* _ASSIGNMENT_
Write out the line with "Volume 8: The" and every later line through the end of the data below, exactly as given, with no pictures in the copy.

* _RECORDED DATA_
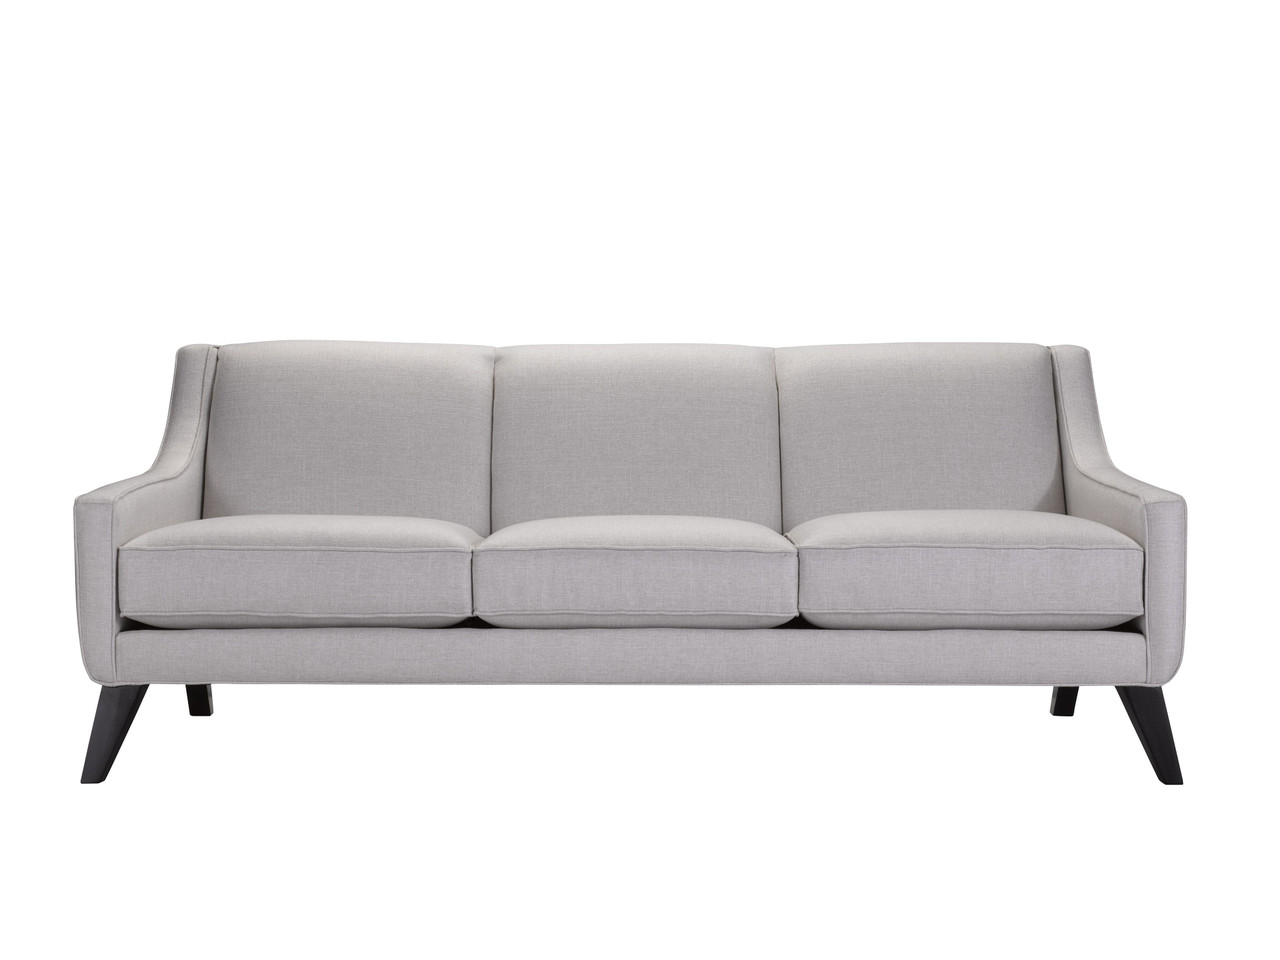 lily sofa bed review
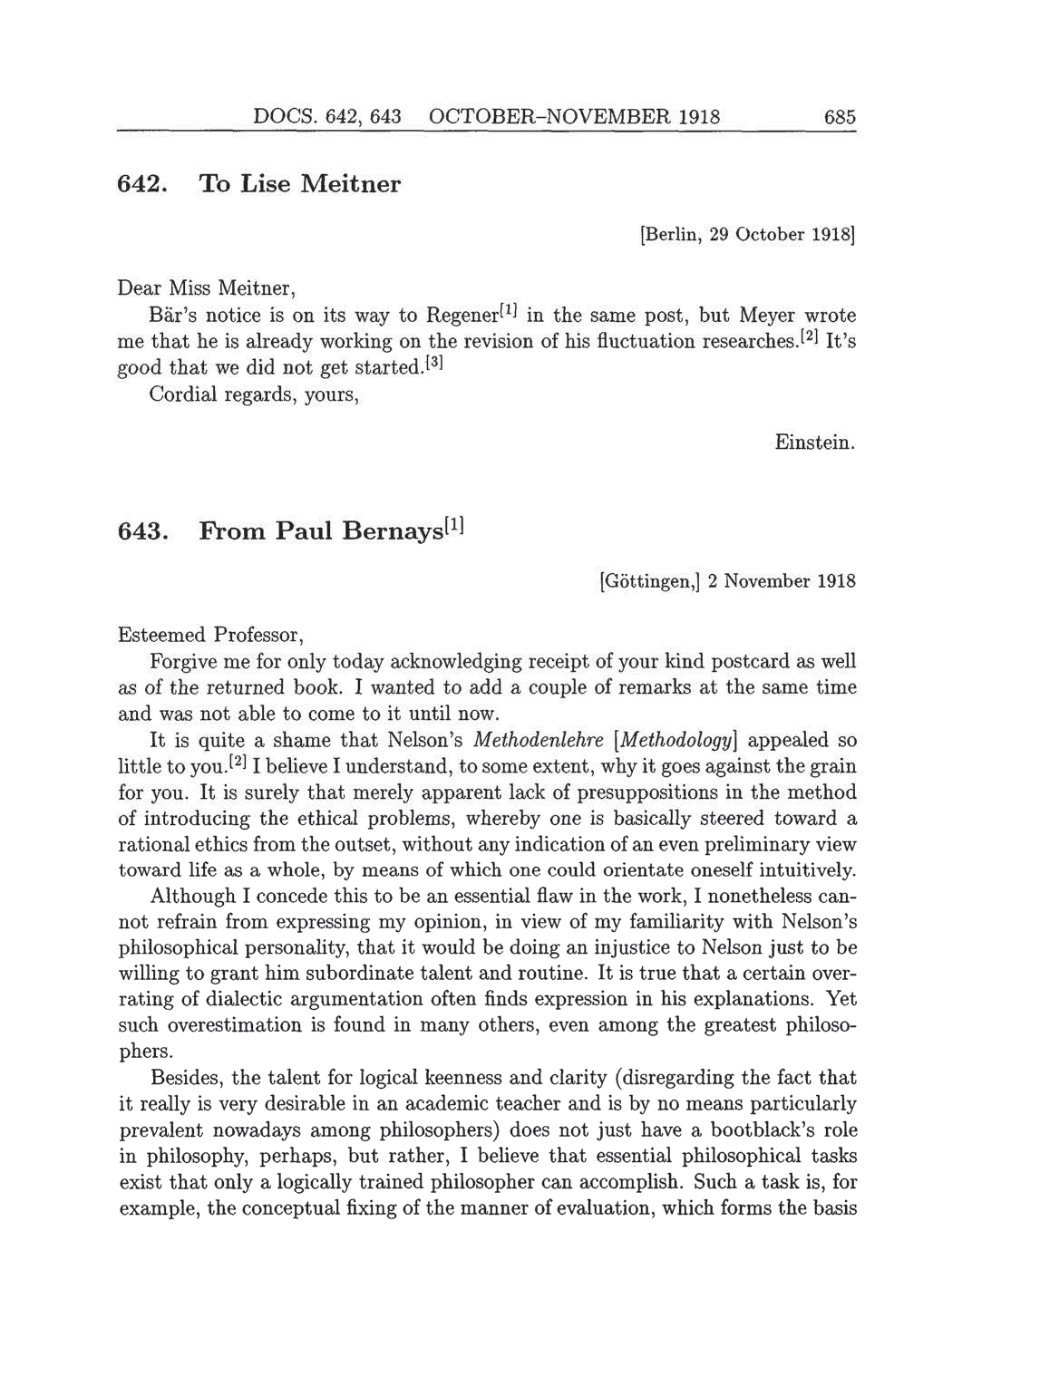 Volume 8: The Berlin Years: Correspondence, 1914-1918 (English translation supplement) page 685
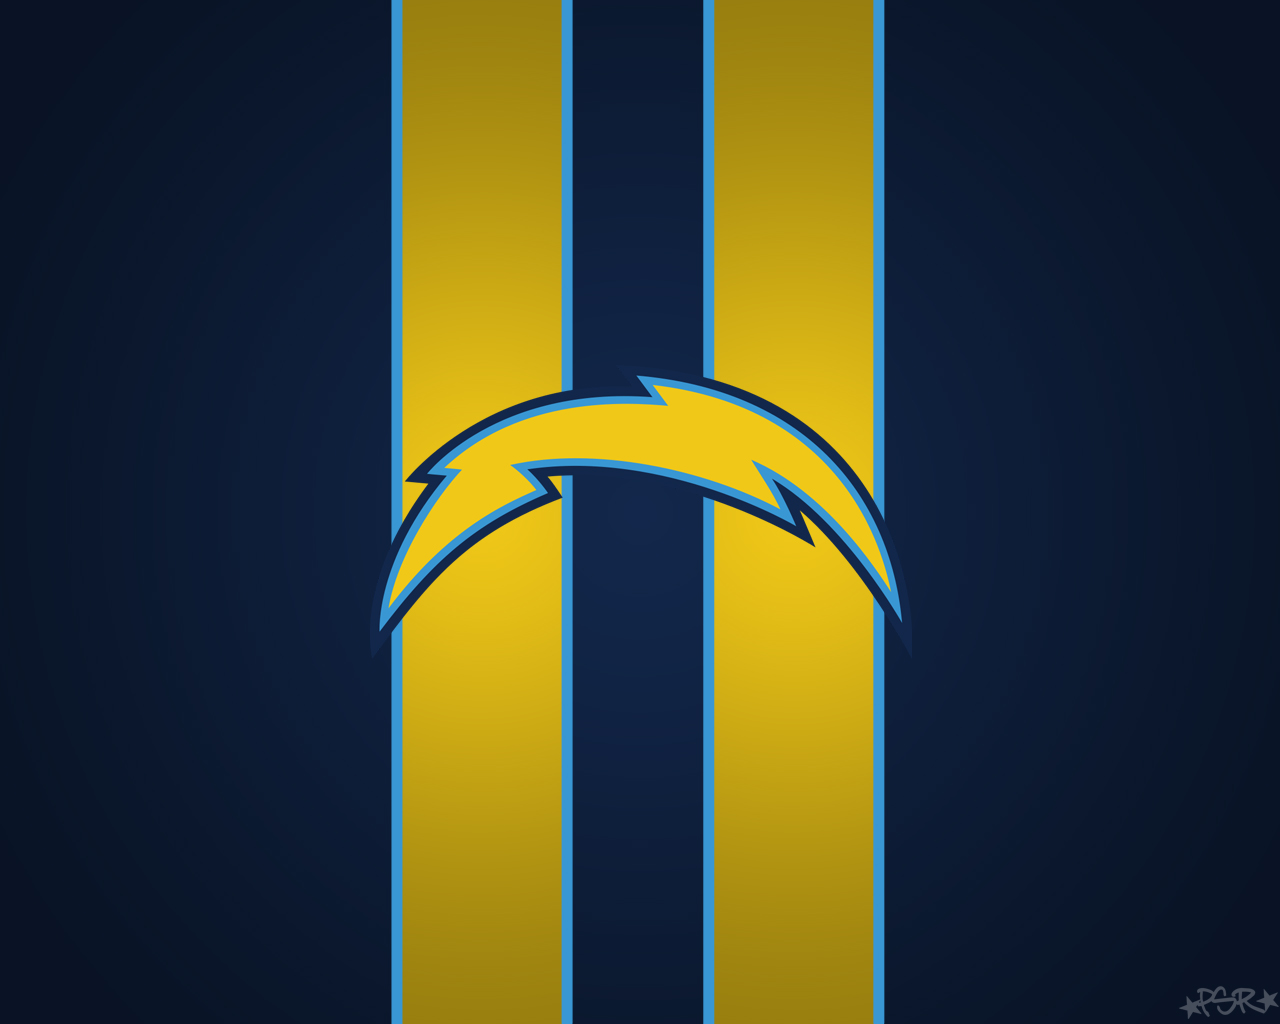 Chargers wallpaper 1280x1024

* _WRITTEN SOLUTION_
 Volume 8: The Berlin Years: Correspondence, 1914-1918 (English translation supplement) page 685
 Chargers wallpaper 1280x1024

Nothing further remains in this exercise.